+++ GIVEN MATERIAL

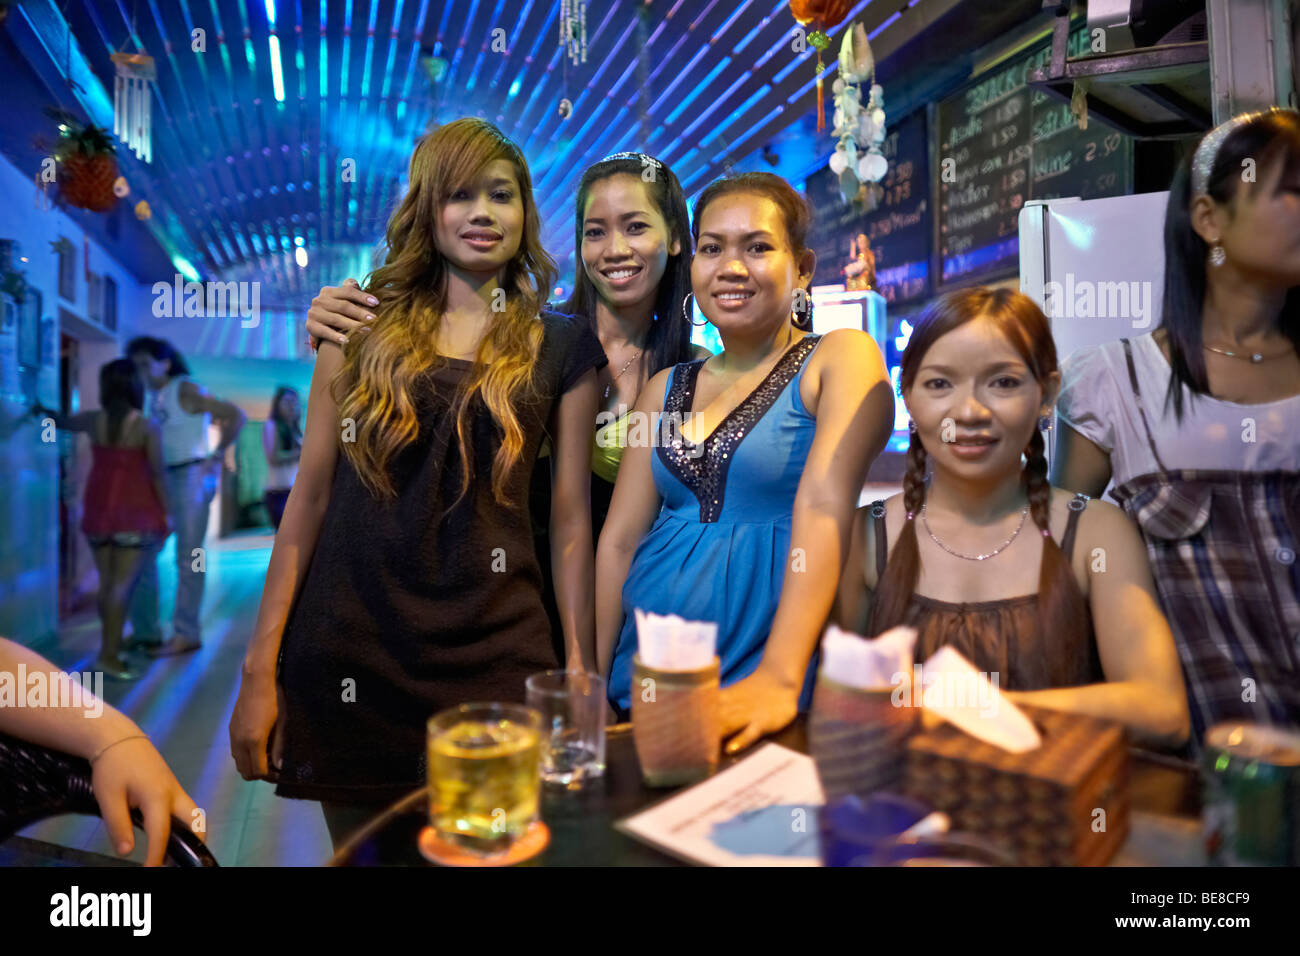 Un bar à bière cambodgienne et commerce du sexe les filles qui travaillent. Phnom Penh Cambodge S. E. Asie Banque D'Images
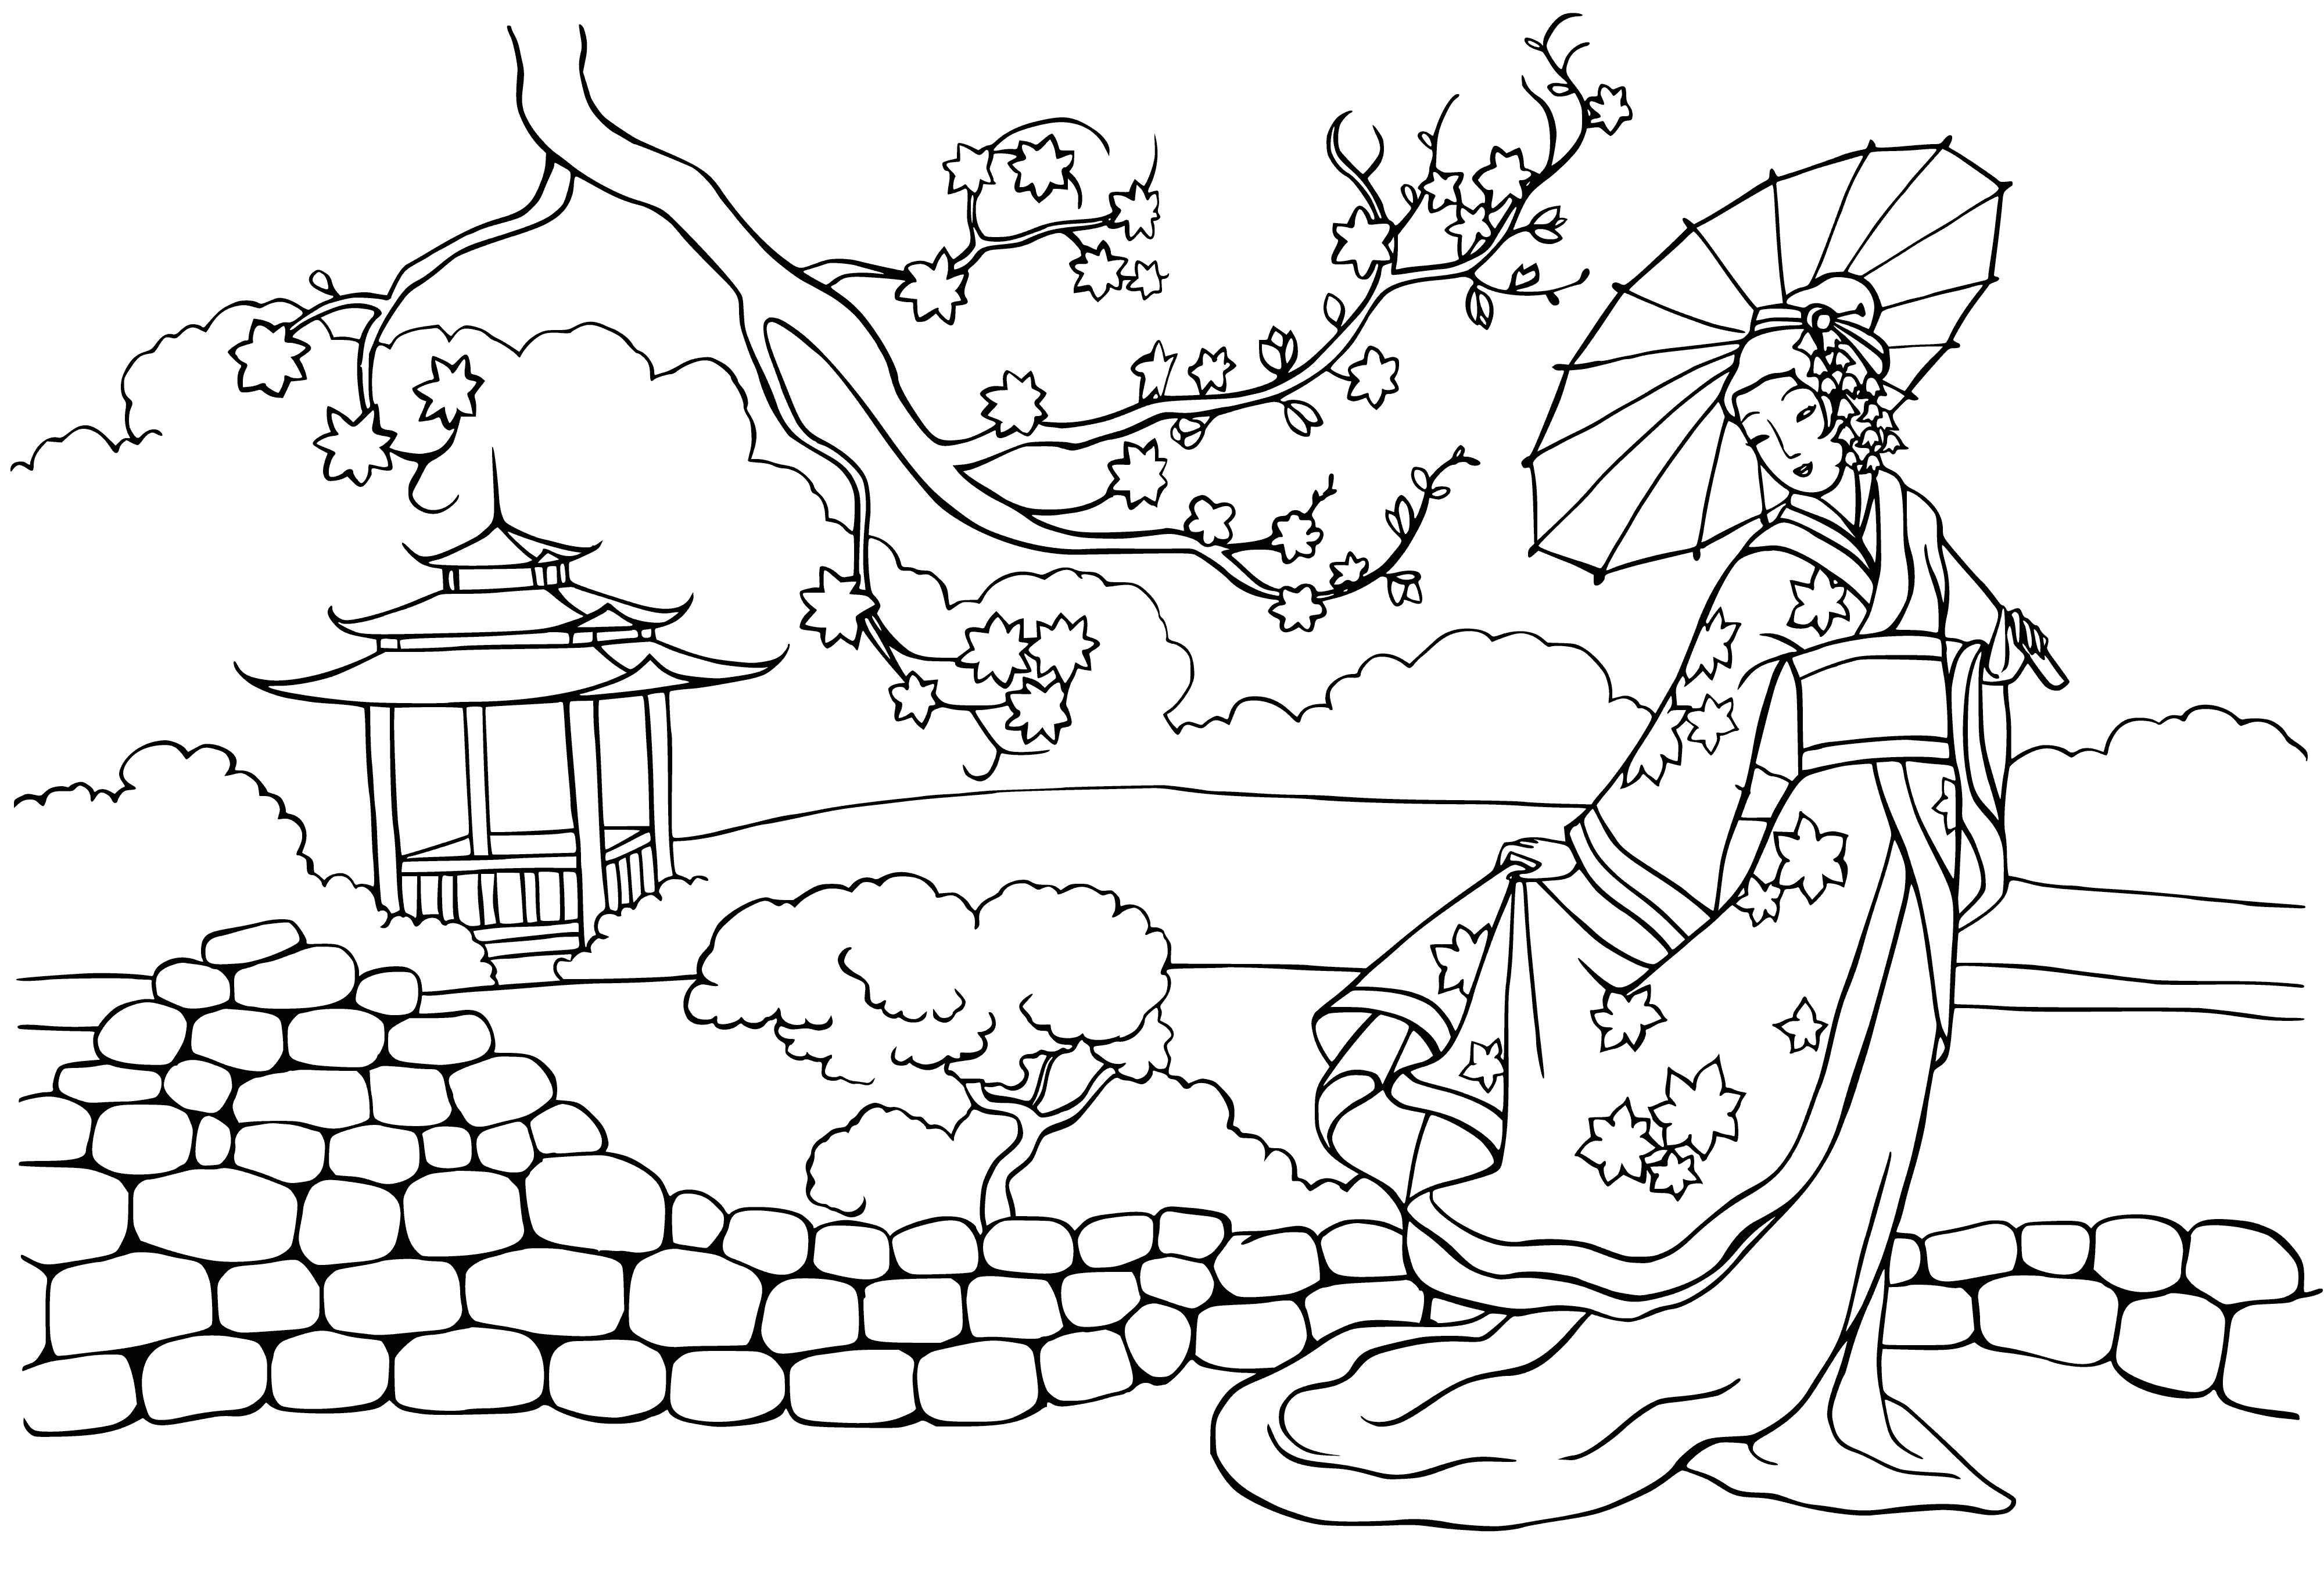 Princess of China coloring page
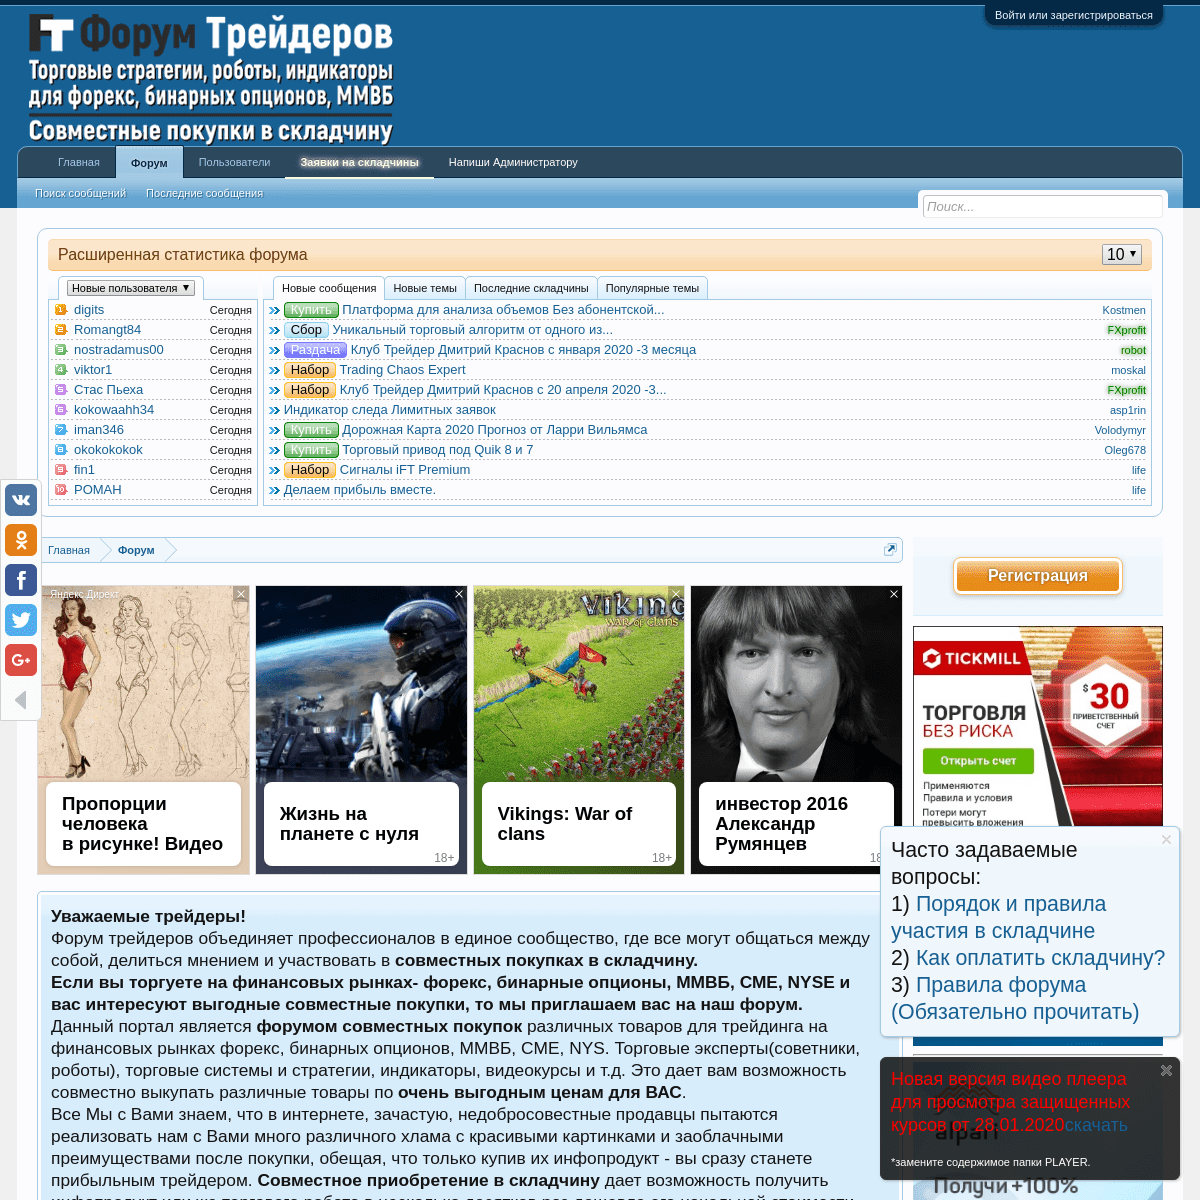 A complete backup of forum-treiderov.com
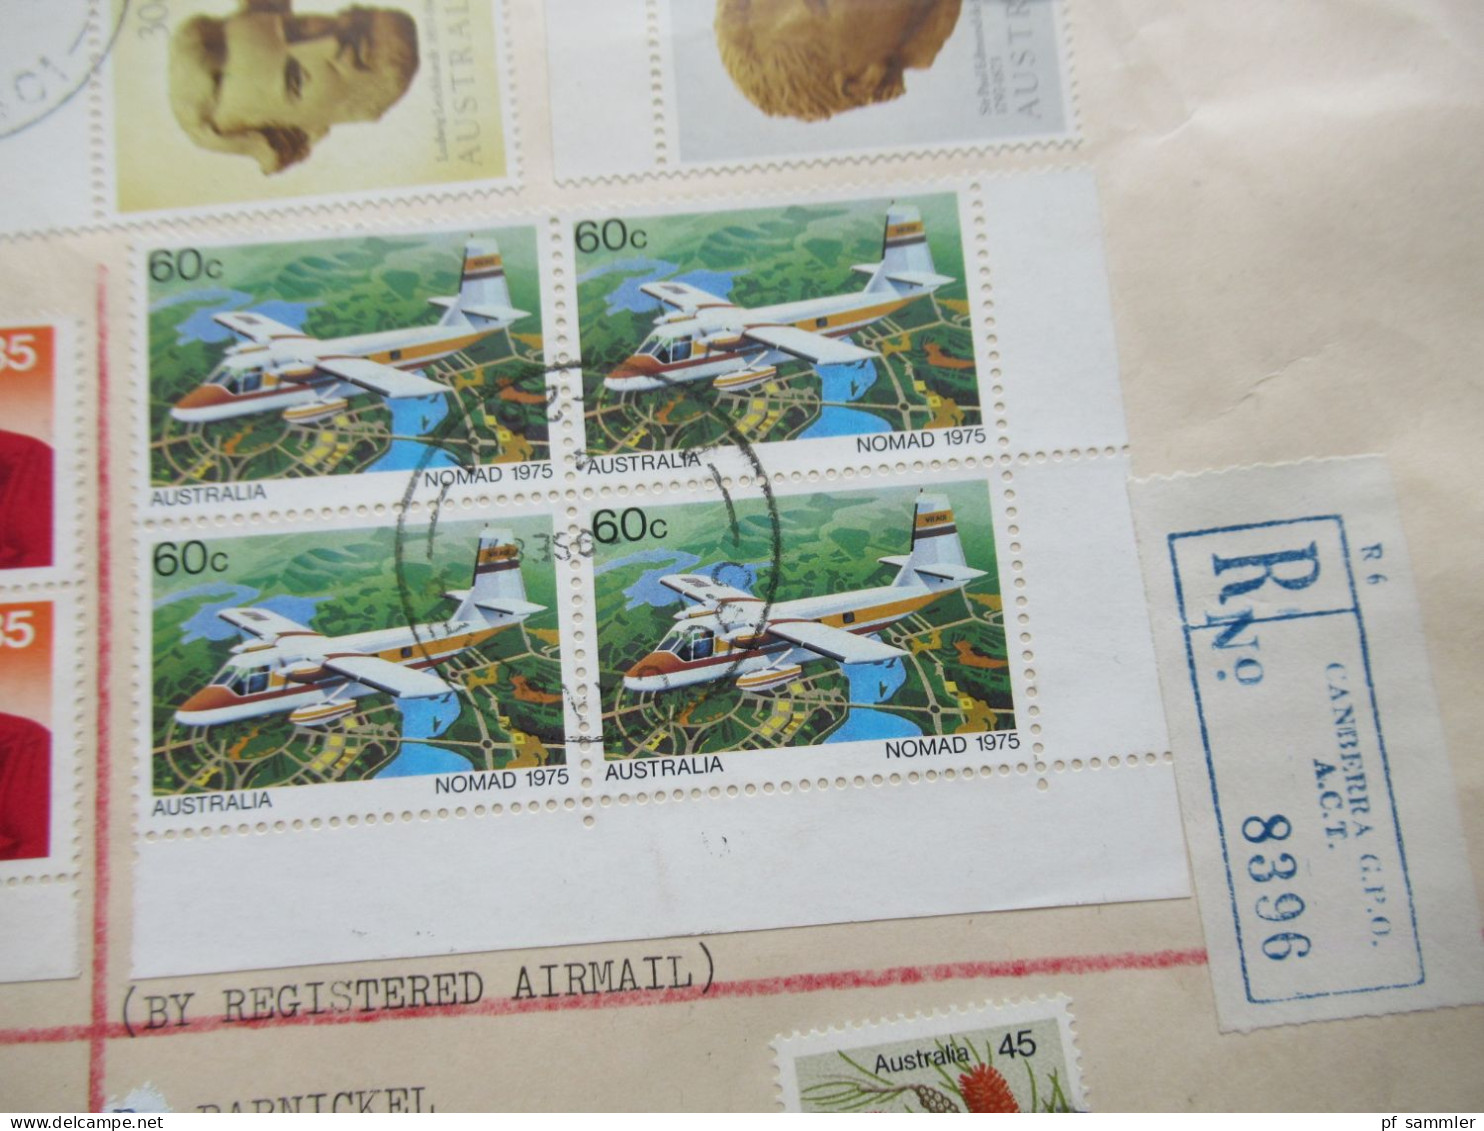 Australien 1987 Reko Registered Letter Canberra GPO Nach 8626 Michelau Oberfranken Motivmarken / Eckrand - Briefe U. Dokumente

++++++

**ASSIGNMENT:** The answer must be the lines above from the line that contains "Princess of China coloring page" to the final line of the data, word for word, with no pictures.

**RESPONSE:**
 Princess of China coloring page
 A complete backup of forum-treiderov.com
 Australien 1987 Reko Registered Letter Canberra GPO Nach 8626 Michelau Oberfranken Motivmarken / Eckrand - Briefe U. Dokumente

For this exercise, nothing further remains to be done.